*** Input for this task ***

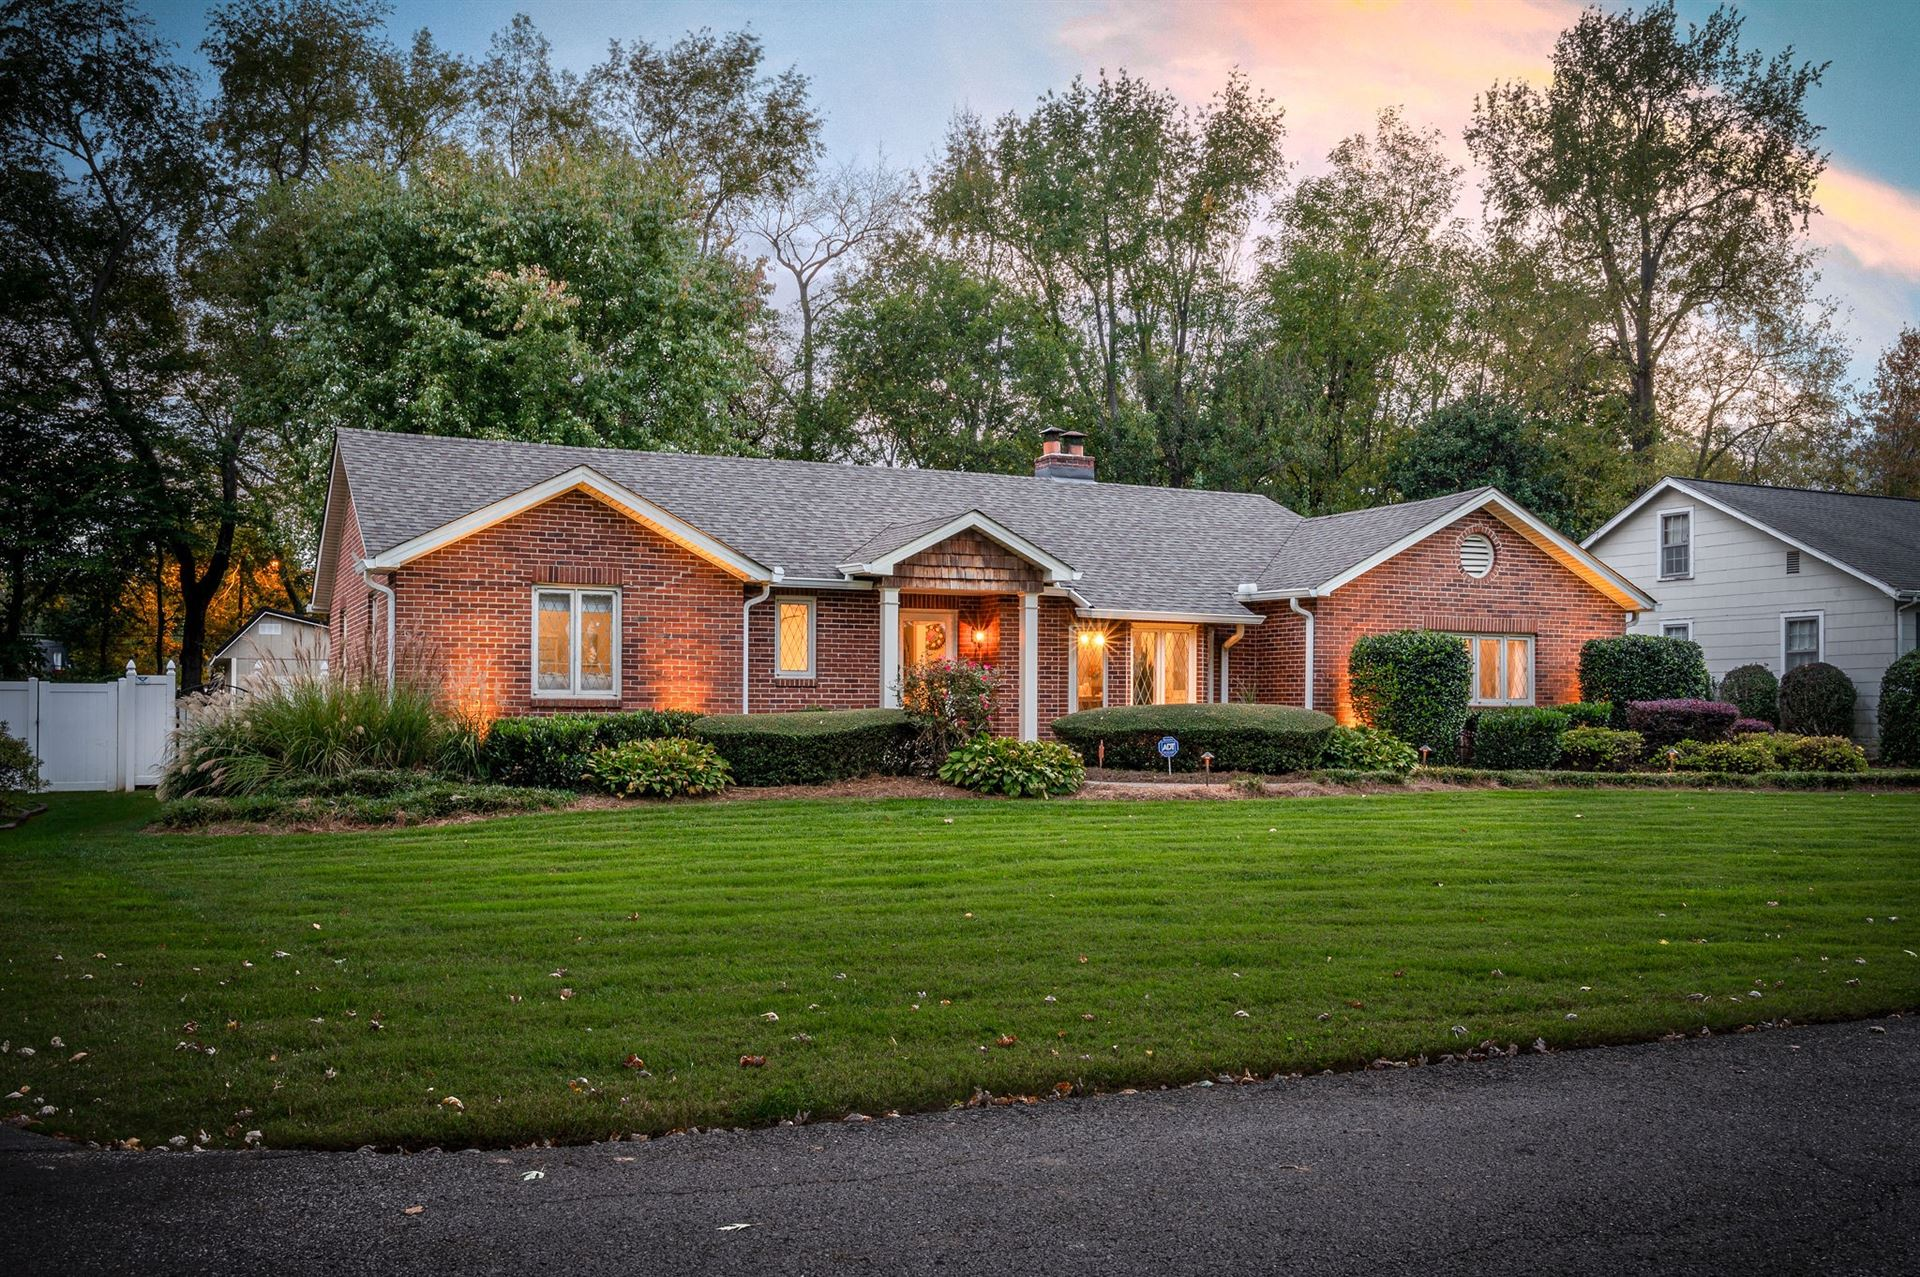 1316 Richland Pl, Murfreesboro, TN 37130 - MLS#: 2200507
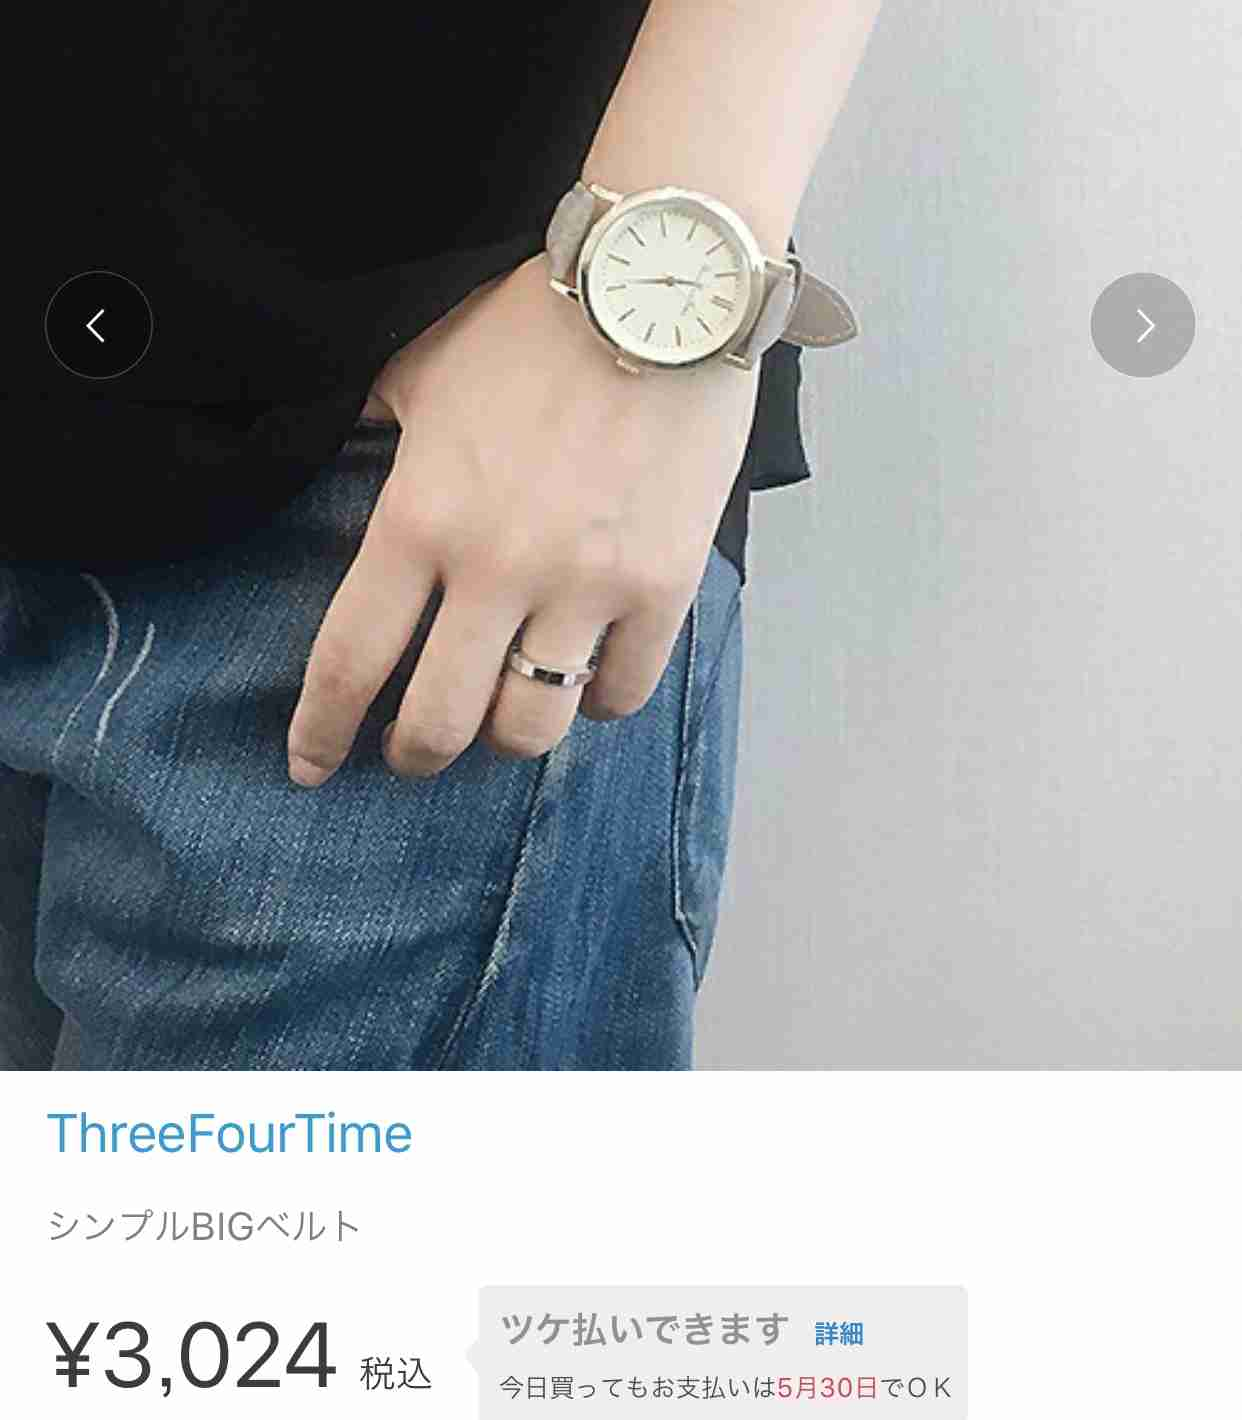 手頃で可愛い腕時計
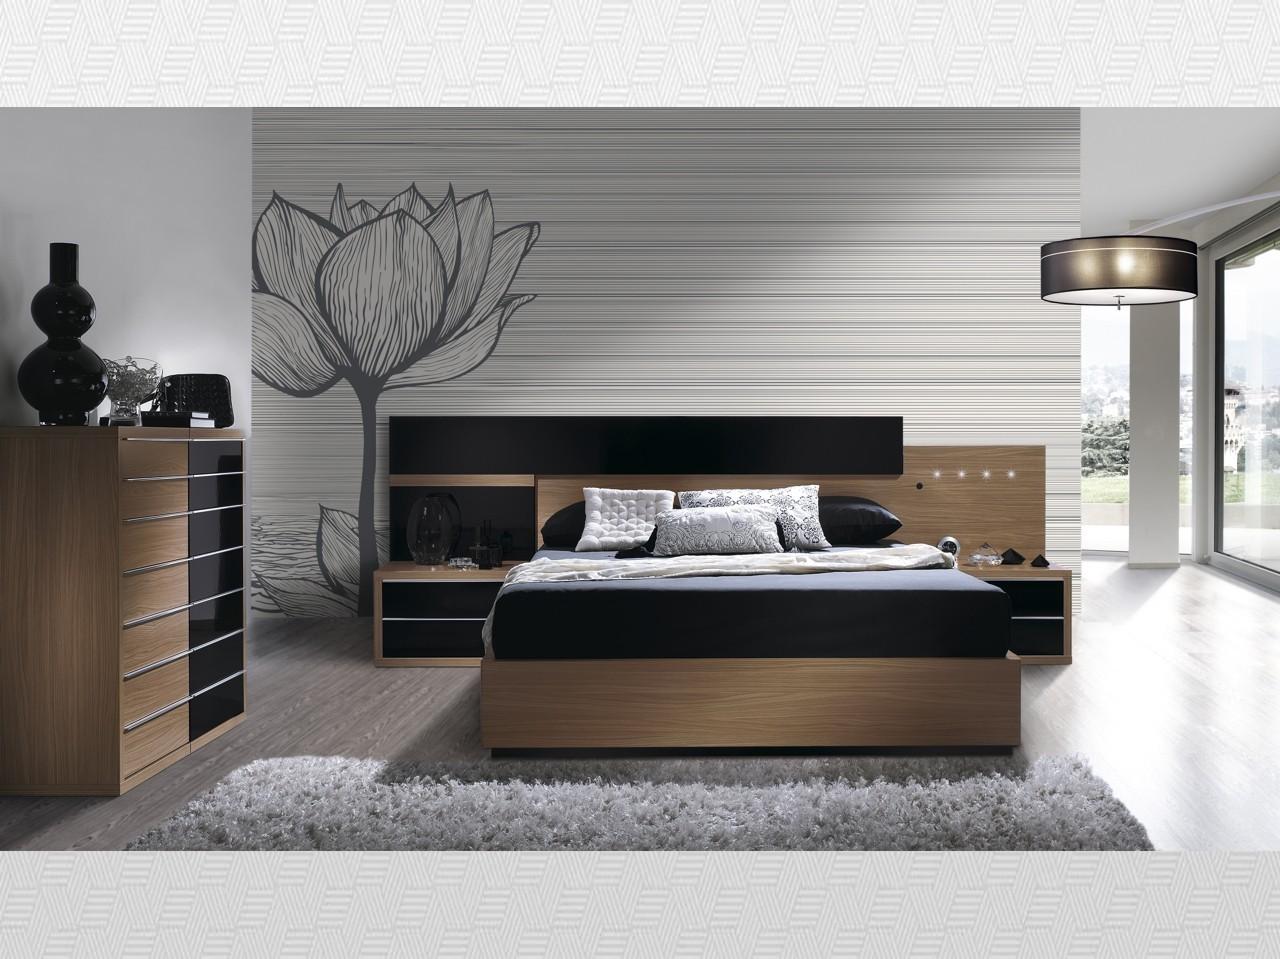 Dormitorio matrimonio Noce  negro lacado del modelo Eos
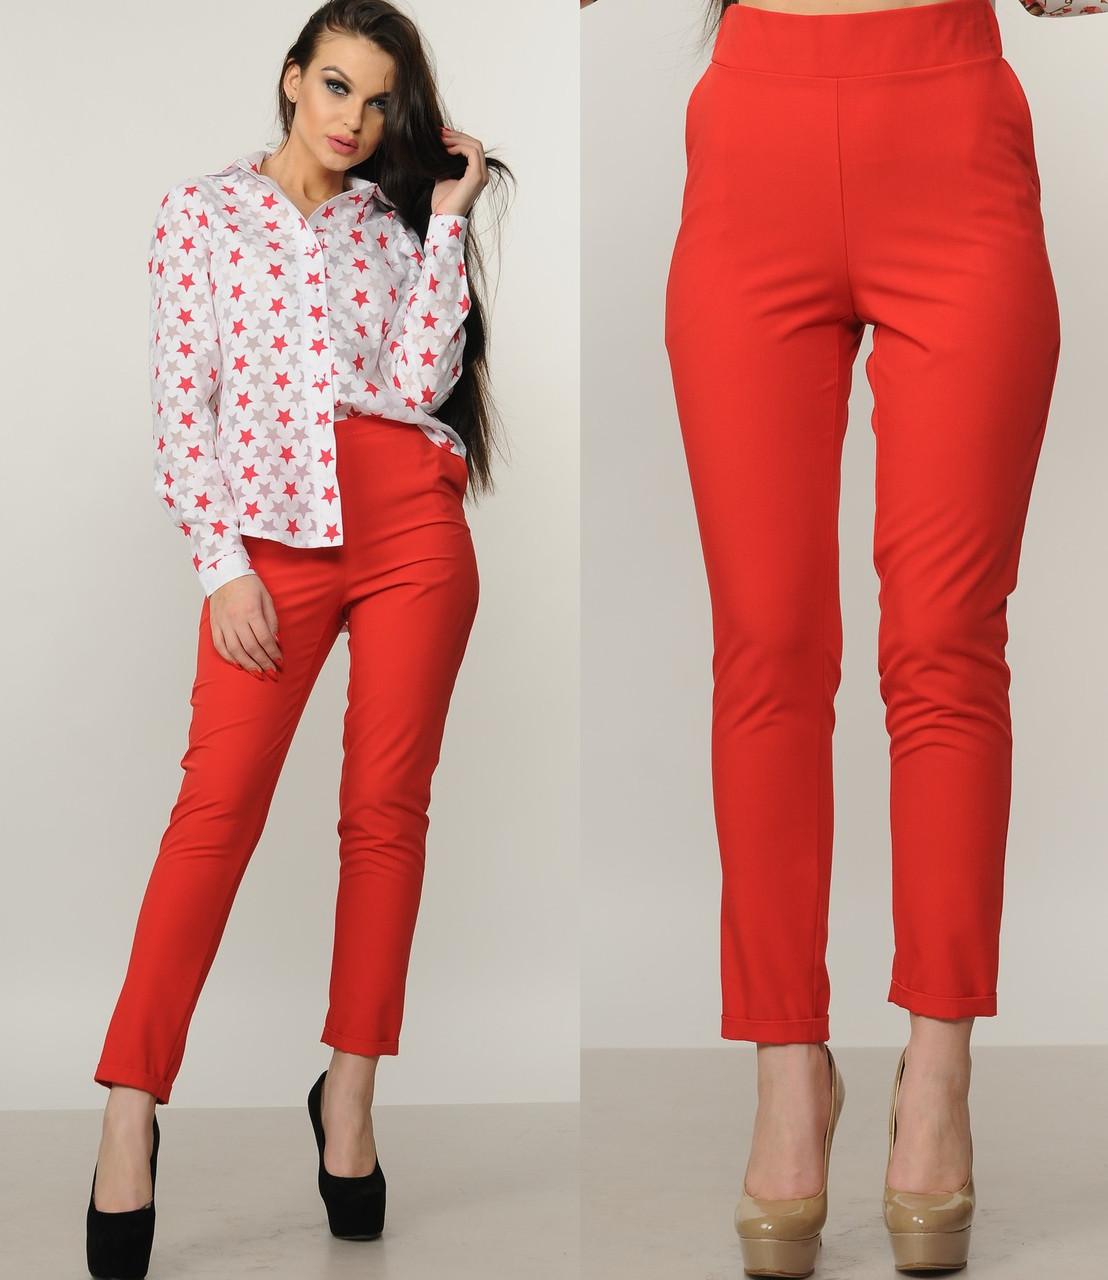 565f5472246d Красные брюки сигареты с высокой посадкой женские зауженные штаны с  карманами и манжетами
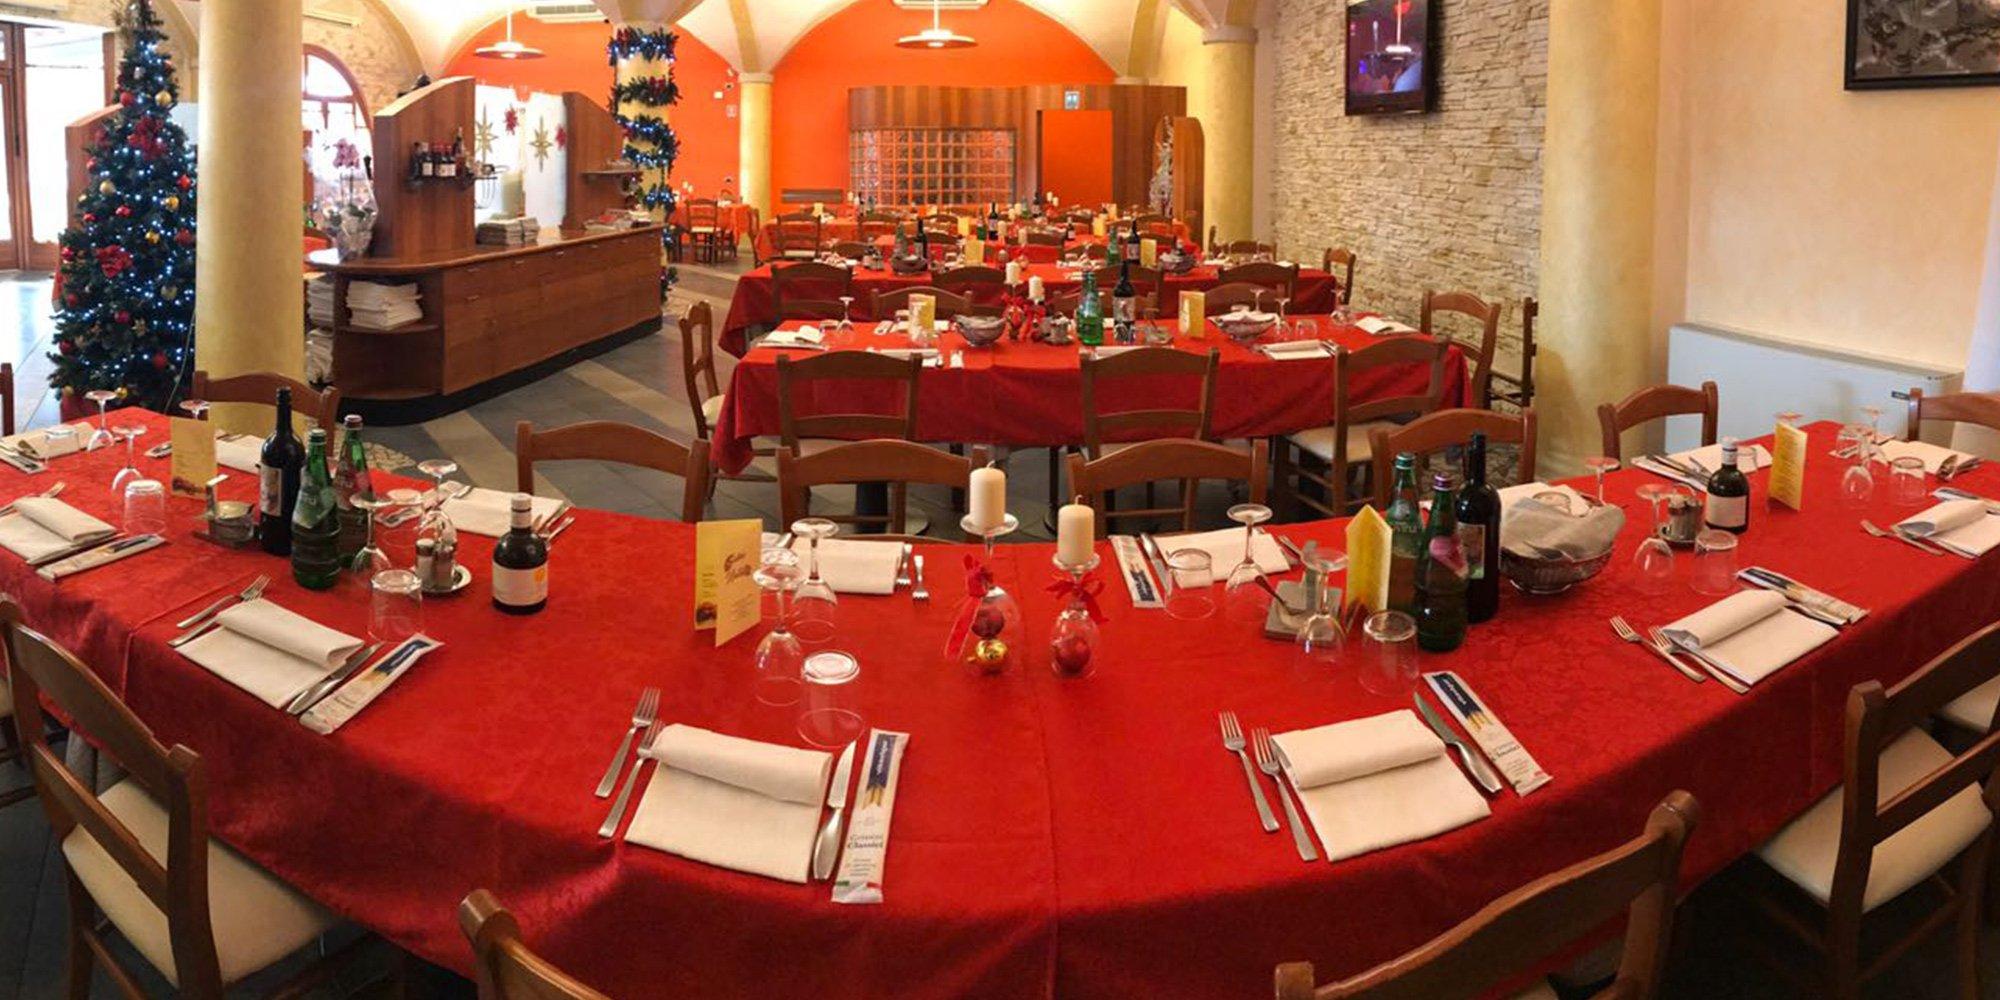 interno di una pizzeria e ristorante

*** End of Input for this task ***

• _About this exercise_: Your answer must be the lines from the one holding "565f5472246d Красные брюки" through the final line of the records above, exactly as written and without any pictures.

• _Answer_:
 565f5472246d Красные брюки сигареты с высокой посадкой женские зауженные штаны с  карманами и манжетами
 interno di una pizzeria e ristorante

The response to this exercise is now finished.